In other meeting business:

• Commissioners received a presentation from Rowan Economic Development Council President Rod Crider and Vice President Scott Shelton on the organization’s progress to maintain and foster new economic development in the county. Crider reported the Rowan EDC helped generate 492 jobs and $95 million in capital investment in fiscal year 2020-21, which ended on June 30. The Rowan EDC, Crider said, has also raised $1.2 million for its Forward Rowan campaign. The campaign allowed the organization to move from being solely funded by the county to being a public-private partnership. Through the Forward Rowan campaign, the Rowan EDC has created programs such as its online job portal.
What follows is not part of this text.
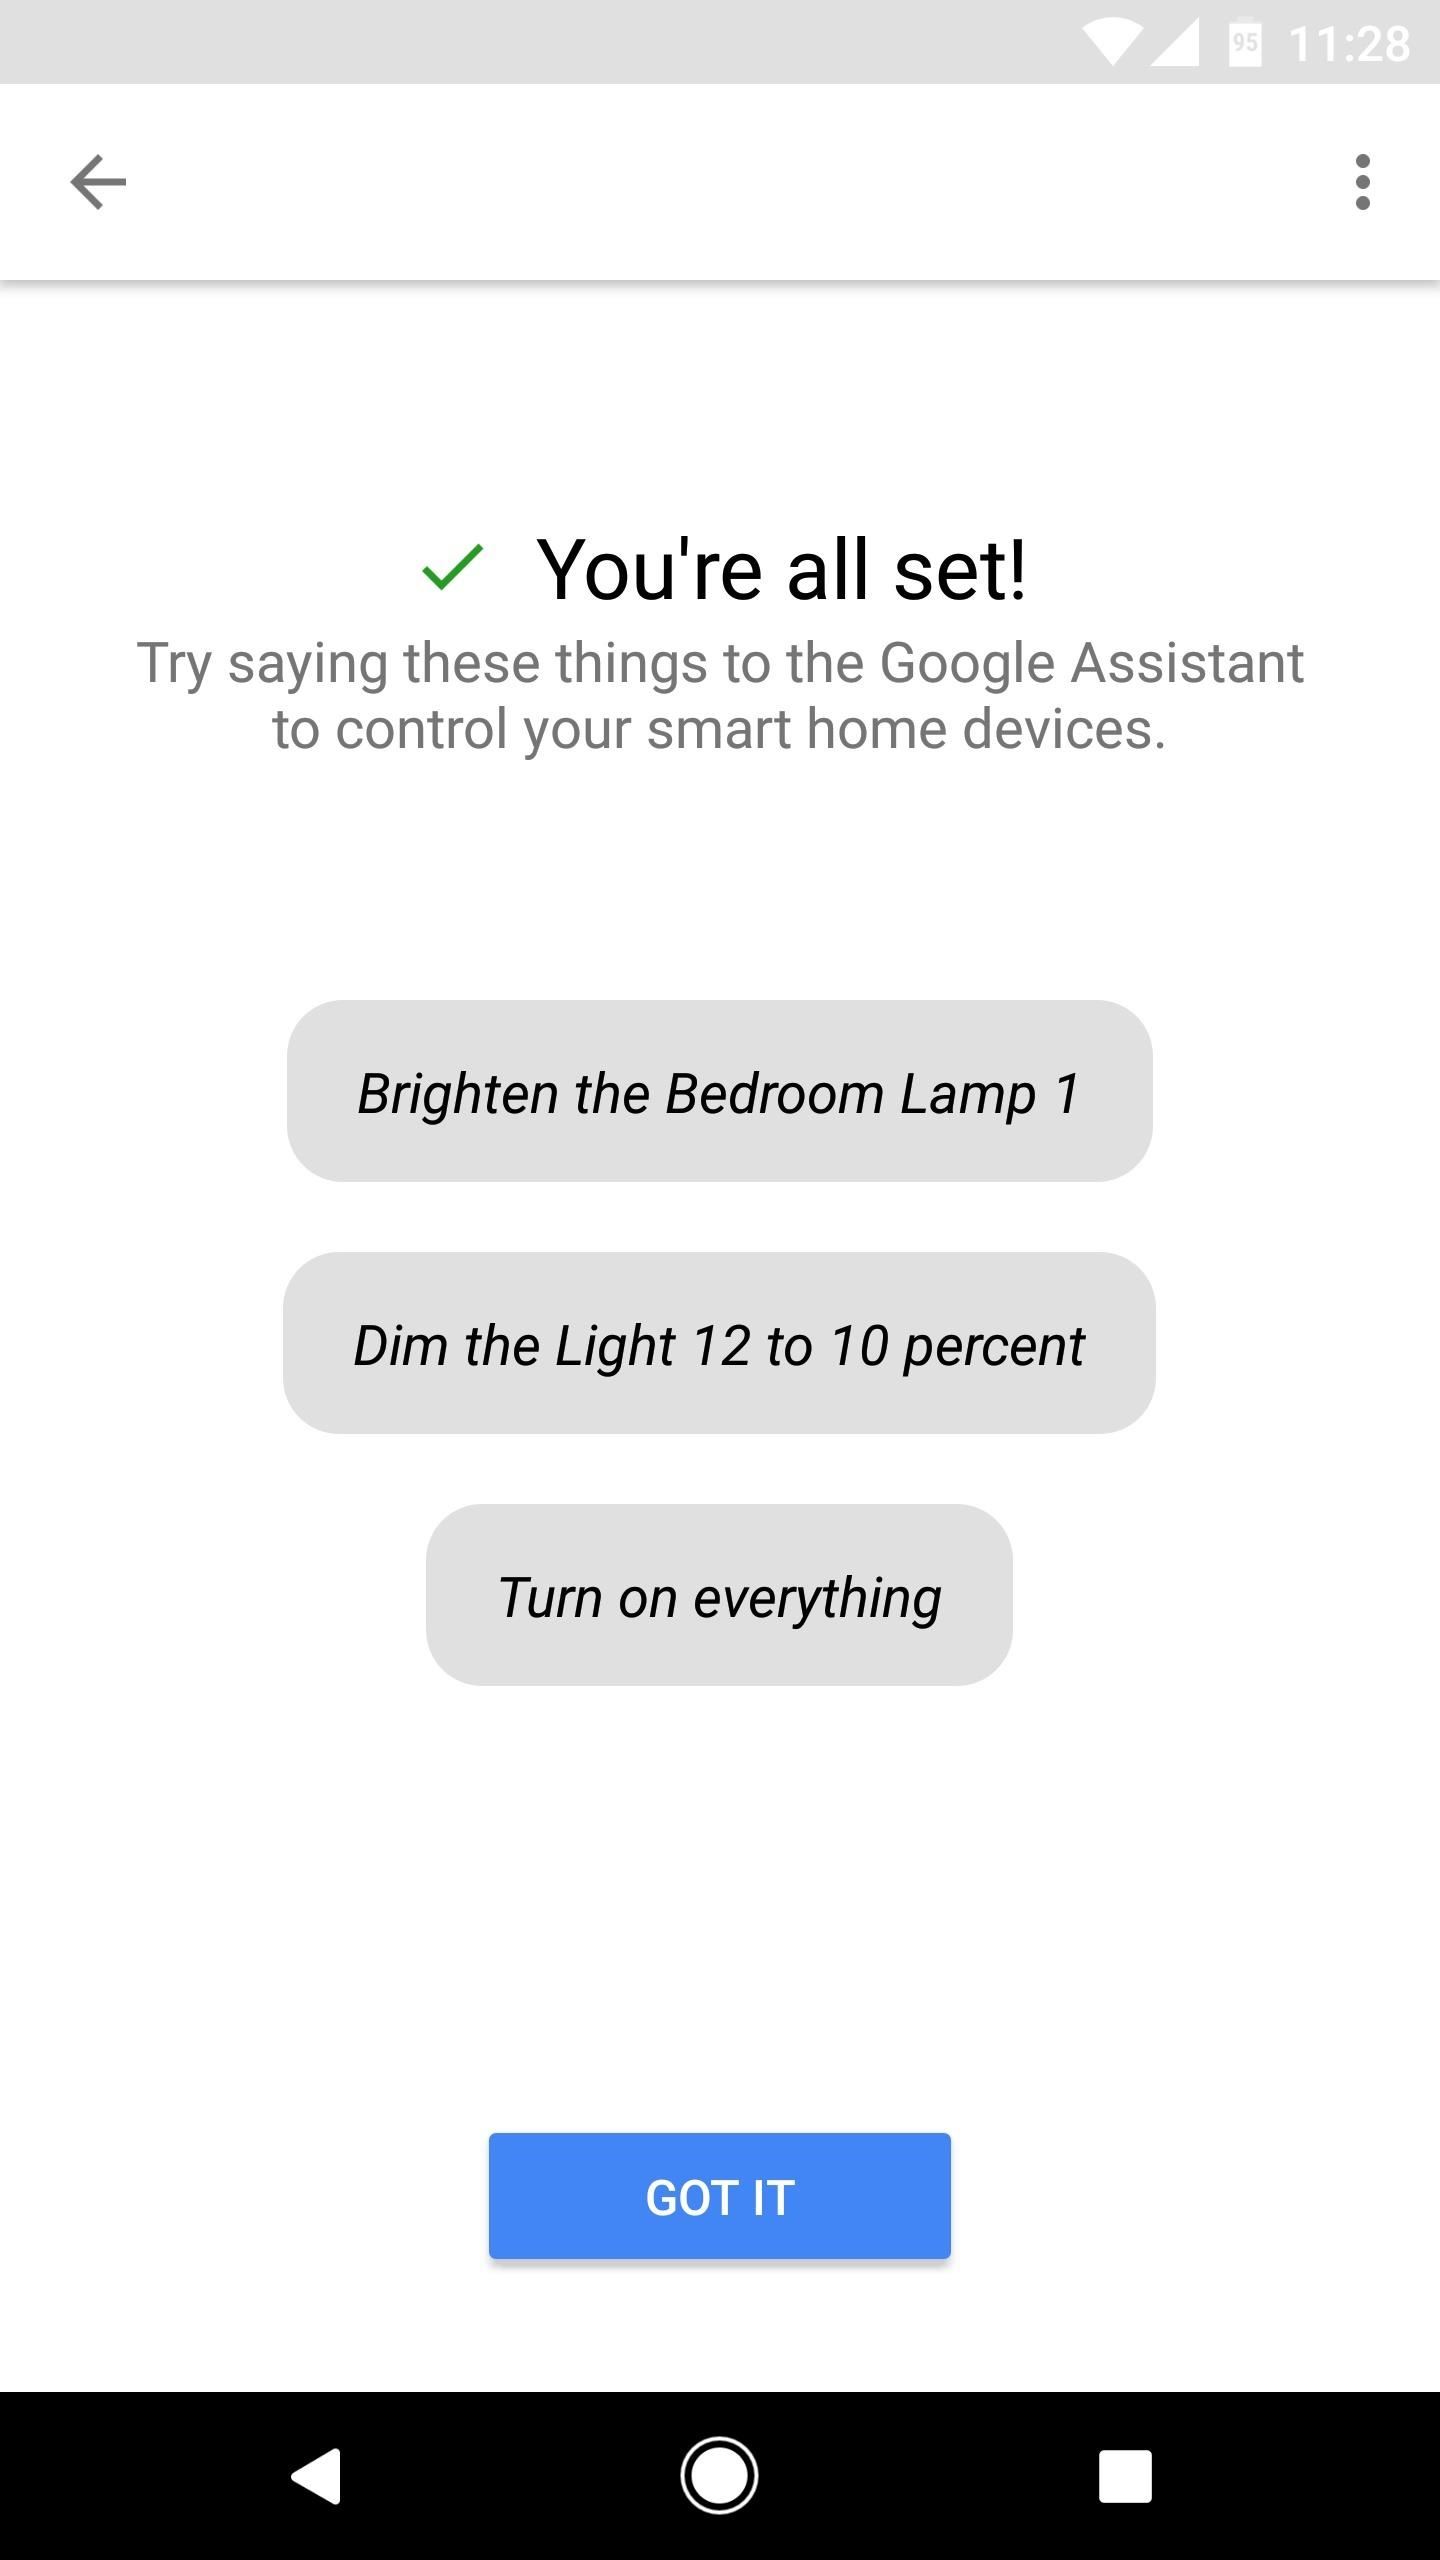 Google Assistant 101: How to Add Your Smart Home Devices to Control Them by Voice
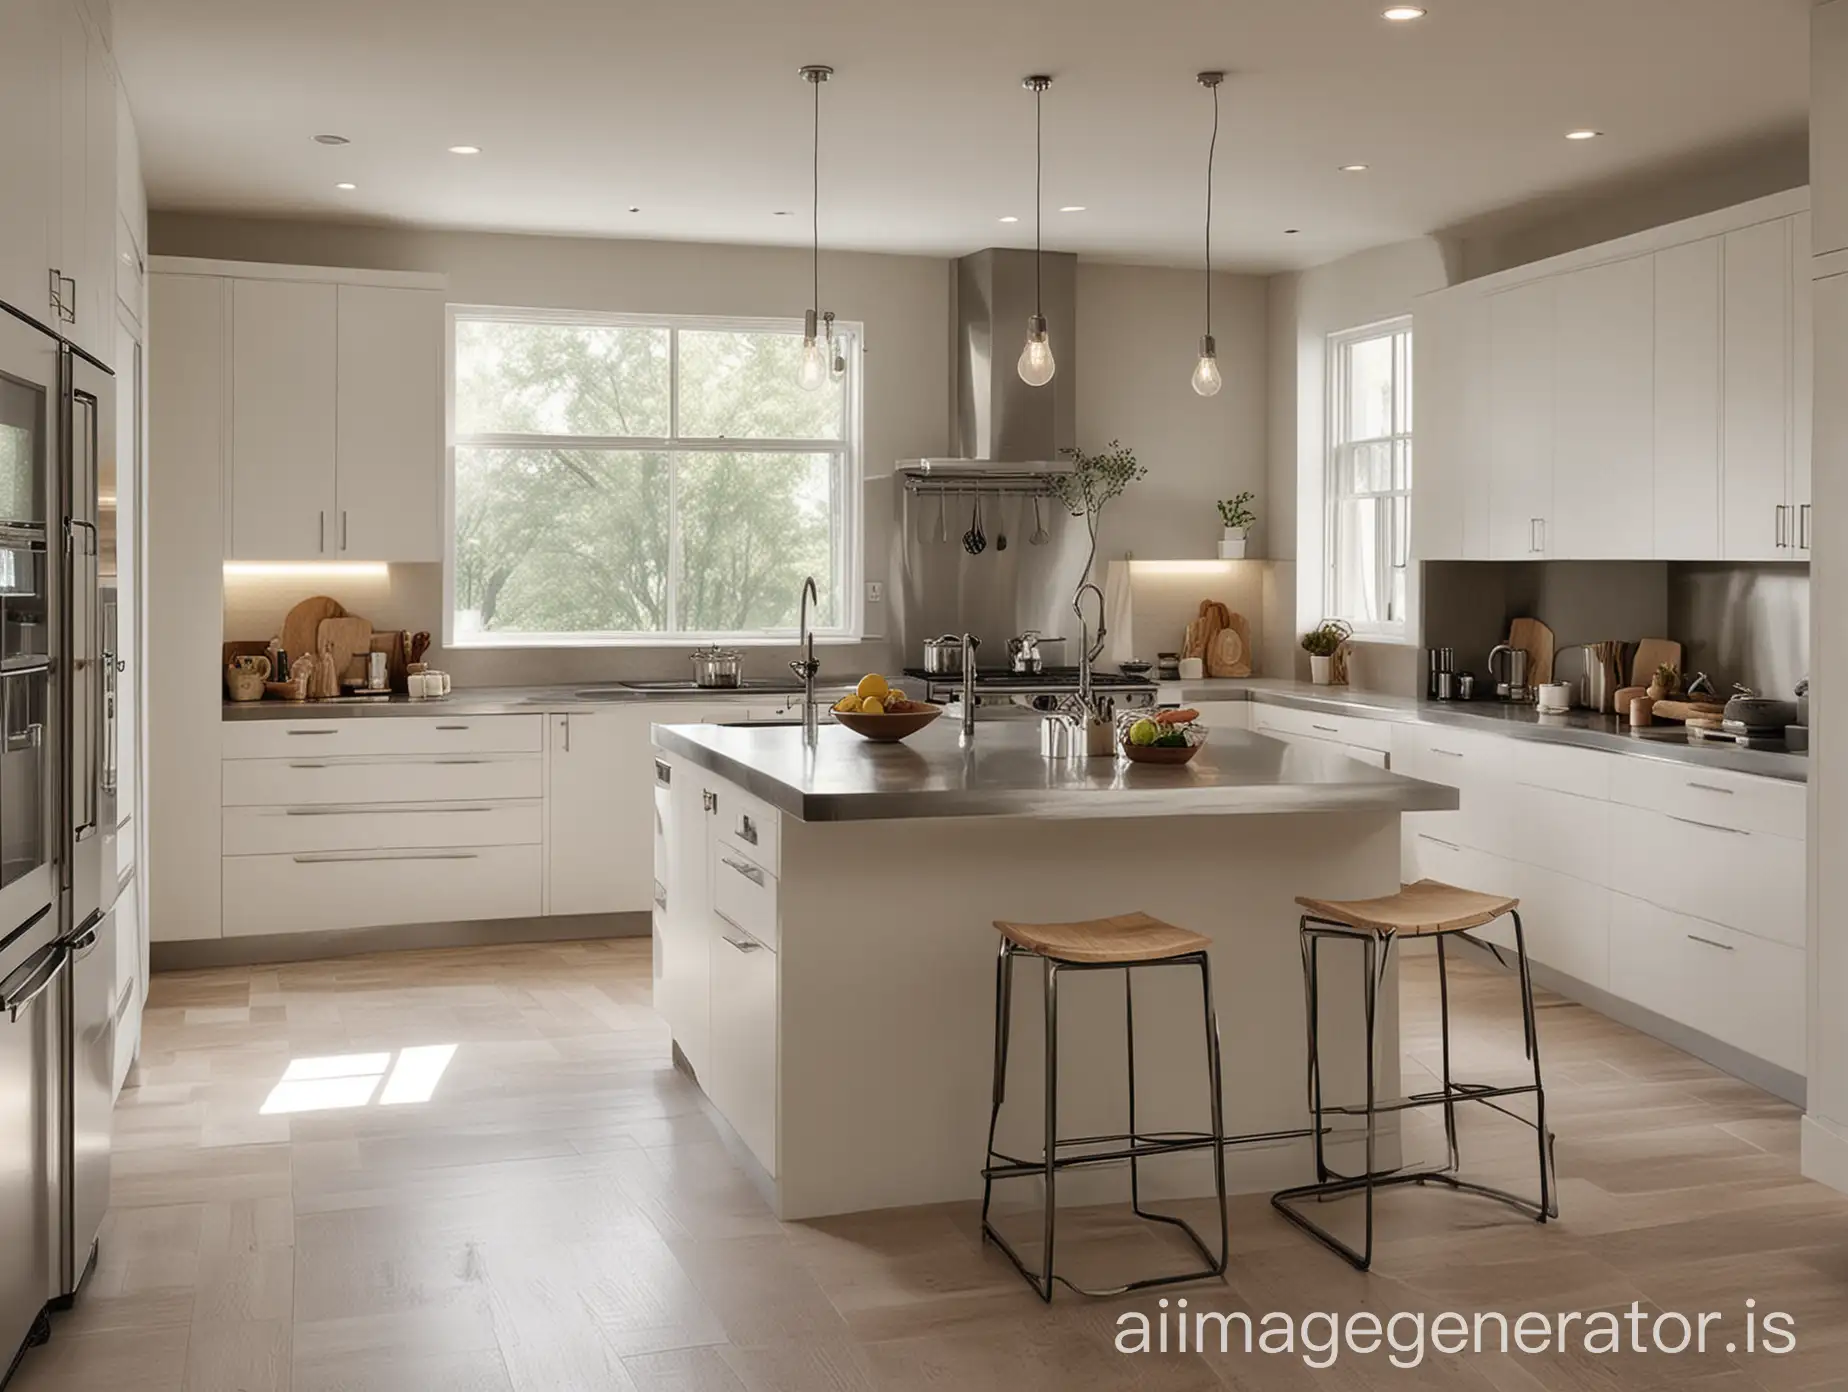 Generate an image of a classic modern minimalist kitchen set interior. The kitchen should have clean lines, simple yet elegant furniture, and a neutral color palette. Incorporate elements such as stainless steel appliances, sleek countertops, minimalistic cabinets, and subtle lighting. The overall ambiance should exude sophistication and functionality while embracing the principles of minimalism

Shelton provided an update on the Rowan EDC’s efforts to recruit new companies to the county. In the previous year, Shelton said, the county had 133 total leads on interested new companies, up 49% from the year before. Despite the pandemic, Shelton said there were also 15 company visits, matching the total from fiscal year 2019-20.

Commissioners praised the Rowan EDC’s for its work to bring economic development to the county and congratulated Crider and Shelton on the progress they’ve made.

• Commissioners authorized the county to solicit bids for project to create an access road from Julian Road to the Rowan County Animal Shelter and the new Dog Adoption Center that is currently under construction on the property. The project is being managed by McGill Associates. Water and sewer lines would also be extended to the animal shelter in the project. Plans for the road include an access point to James River Equipment, a John Deere dealer located near the shelter. James River has agreed to pay $59,000 for the project, County Manager Aaron Church said. The remainder of the project would likely be funded by the county.

• Commissioners approved the purchase of 18 vehicles, including 14 Dodge Durangos and four Dodge Chargers, for the Rowan County Sheriff’s Office. The vehicles will be purchased at a total cost of $572,730 from Ilderton Chrysler Dodge Jeep Ram in High Point. The 14 Dodge Durangos will cost $33,677 each and the four Dodge Chargers will be $25,313 each.

• Commissioners authorized Church solicit proposals from registered lobbyists to work with Rowan County. After discussing the idea of hiring a lobbyist to advocate for the county’s interests on the state and national level last year, commissioners included $60,000 for lobbying services in the current fiscal budget.

• Commissioners approved a request from District Attorney Brandy Cook to hire two assistant district attorneys to “assist in the speedy disposition of cases involving a threat to public safety.” The positions will each cost the county $82,459 ($164,918 total) and the term of the agreement will be for a one-year period starting on Sept. 1 and ending on Aug. 31, 2022. There are currently nine permanent assistant district attorney positions and Cook is in the process of filling another position.

• The board approved a request from the Health Department to reduce the number of temporary COVID-19 related positions. Last year, the department requested 11 positions be funded using state dollars, but it’s asking the positions be reduced to 7.5 full-time equivalents. The change will reduce staff costs by almost $120,000 per year.